__Data below__:

§

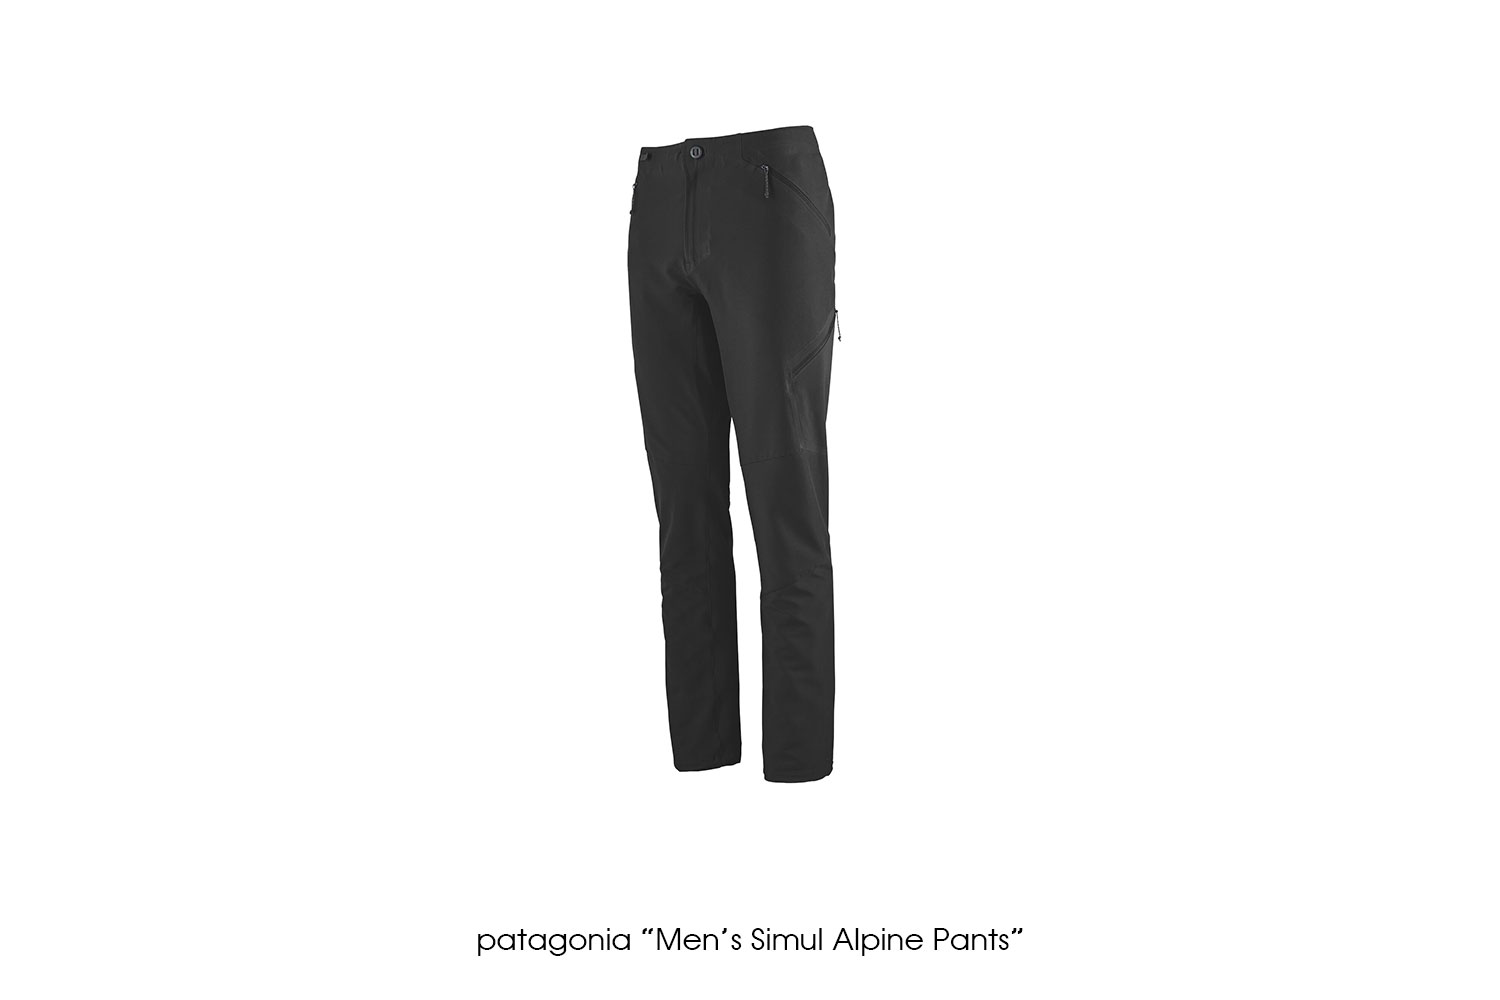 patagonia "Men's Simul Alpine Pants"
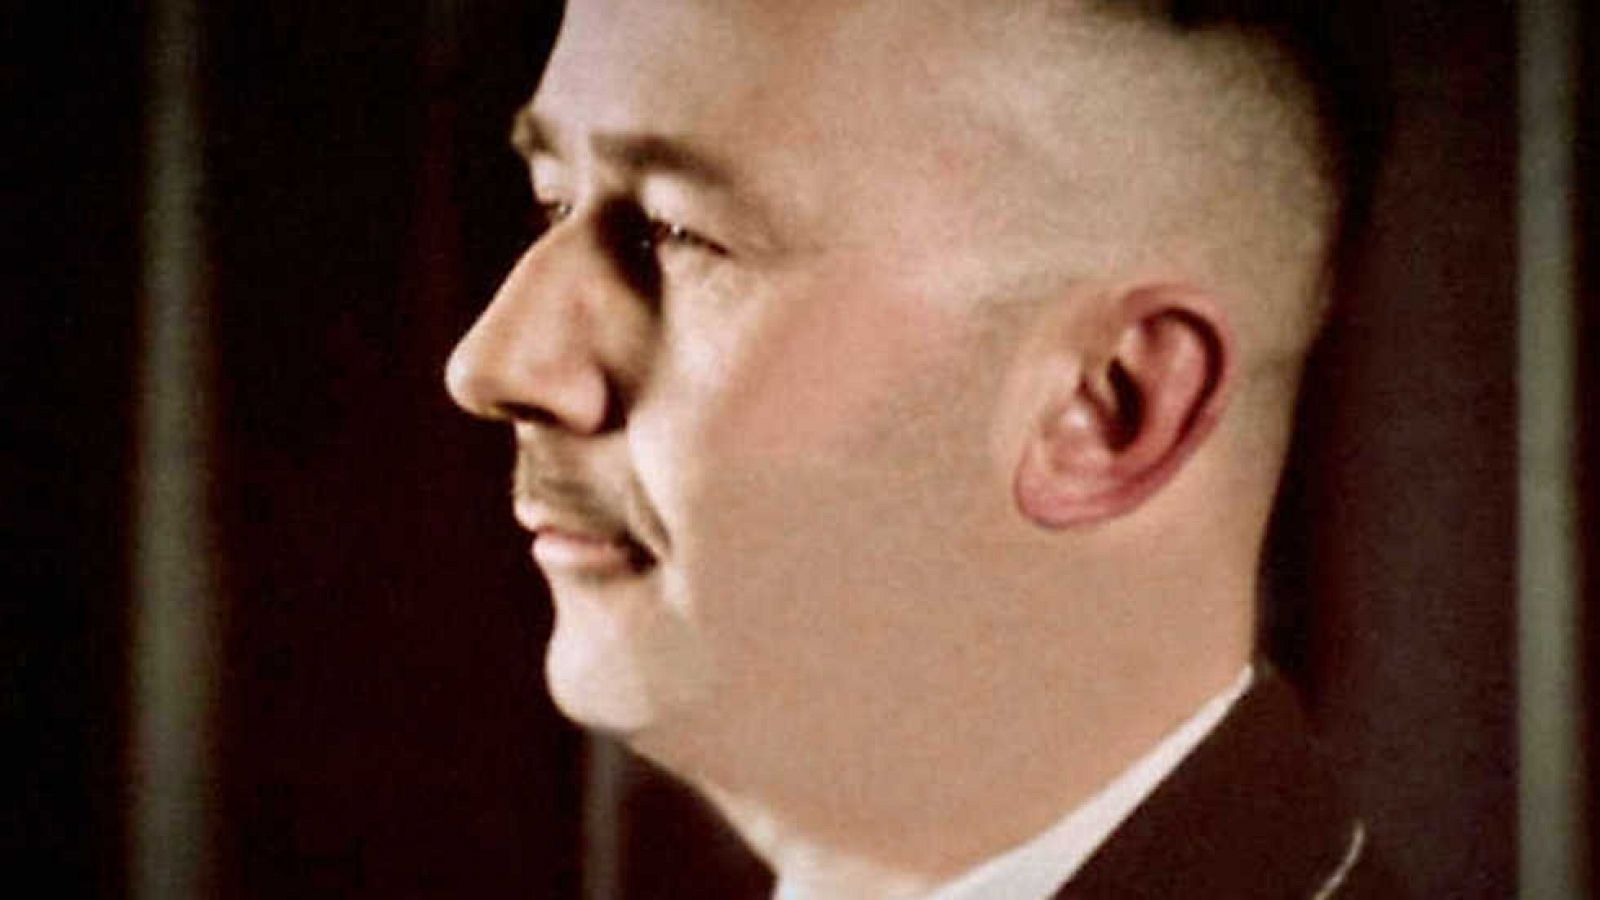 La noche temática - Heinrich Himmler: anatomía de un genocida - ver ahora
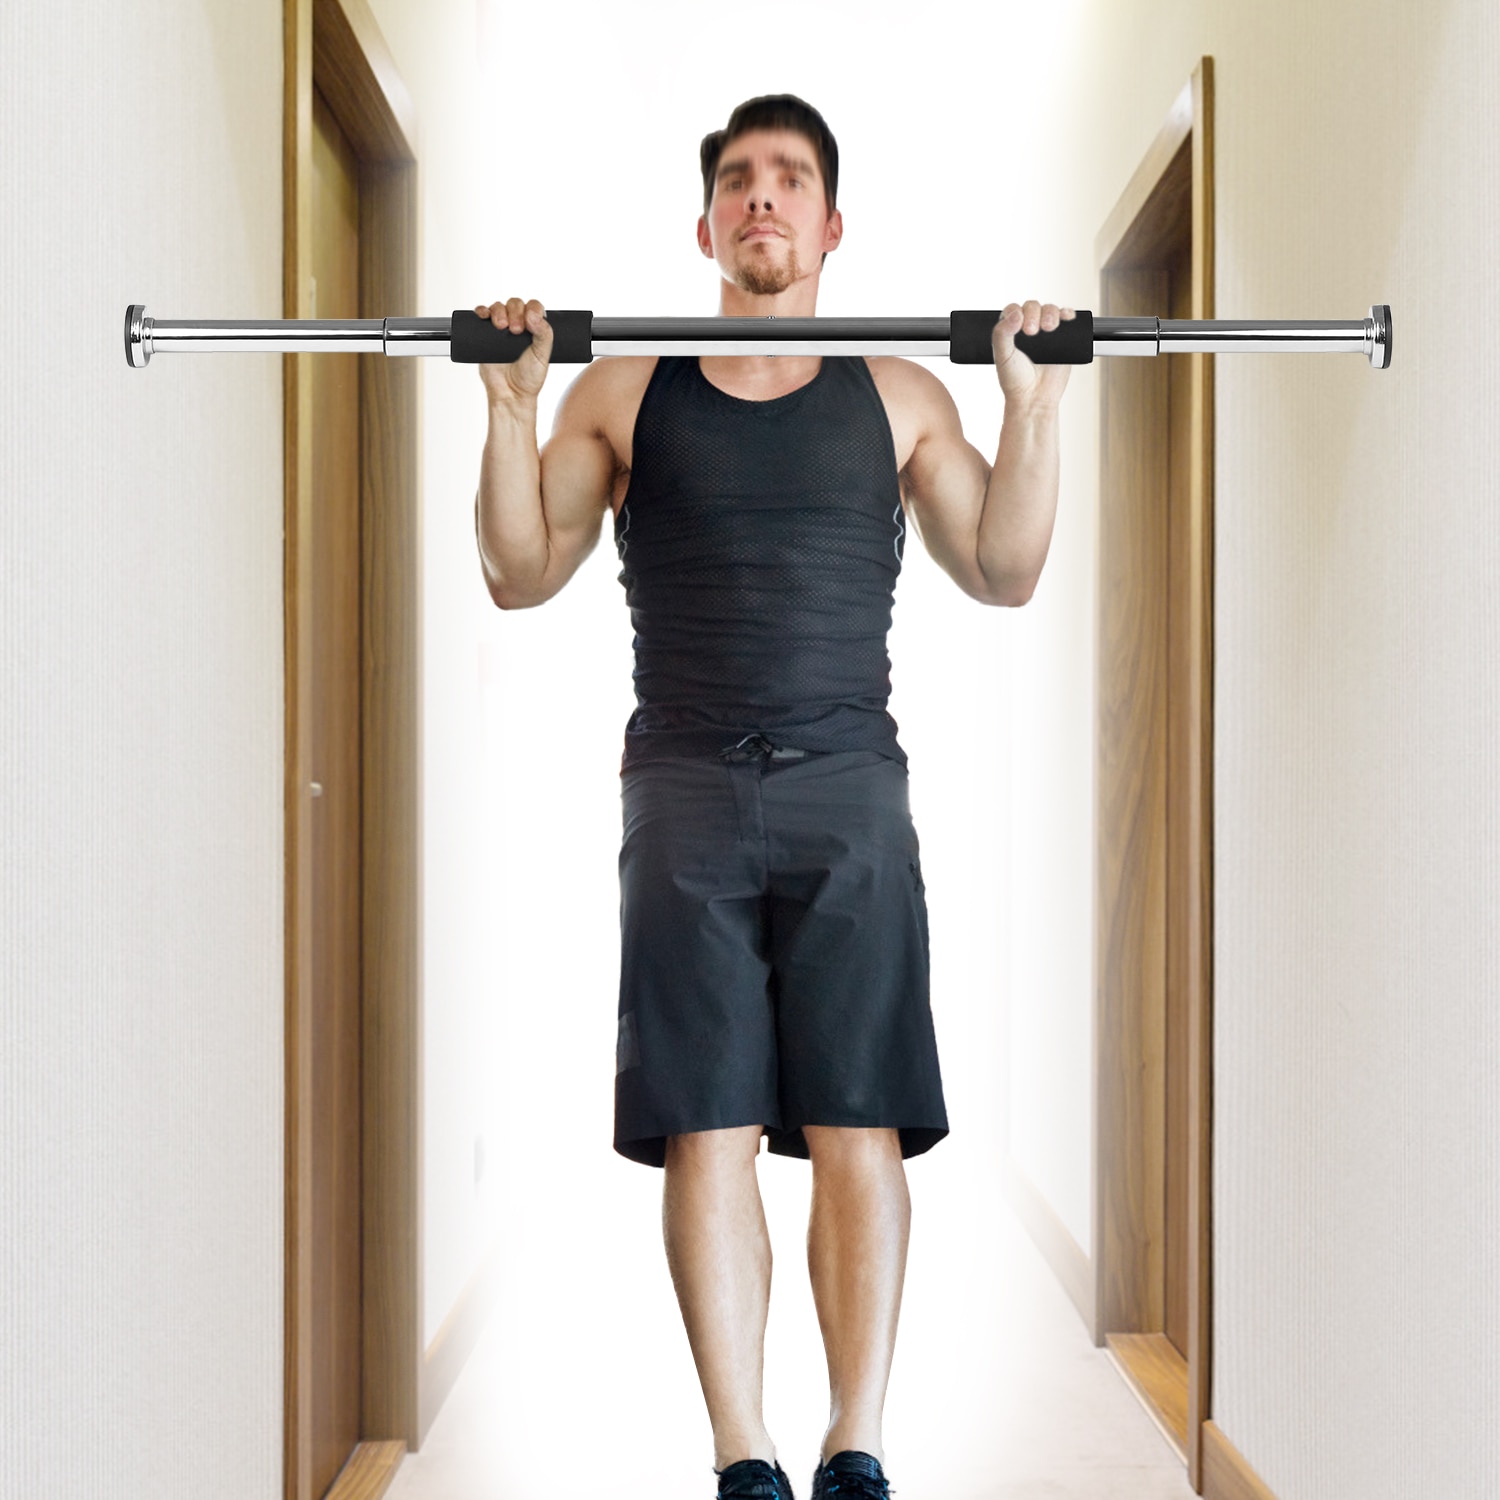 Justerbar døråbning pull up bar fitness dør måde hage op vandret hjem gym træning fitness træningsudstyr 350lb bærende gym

§

__Work task__:
The finished answer is an exact repetition of the listing, with every picture removed.

__Answer__:
 patagonia "Men's Simul Alpine Pants"
 La noche temática - Heinrich Himmler: anatomía de un genocida - ver ahora
 Justerbar døråbning pull up bar fitness dør måde hage op vandret hjem gym træning fitness træningsudstyr 350lb bærende gym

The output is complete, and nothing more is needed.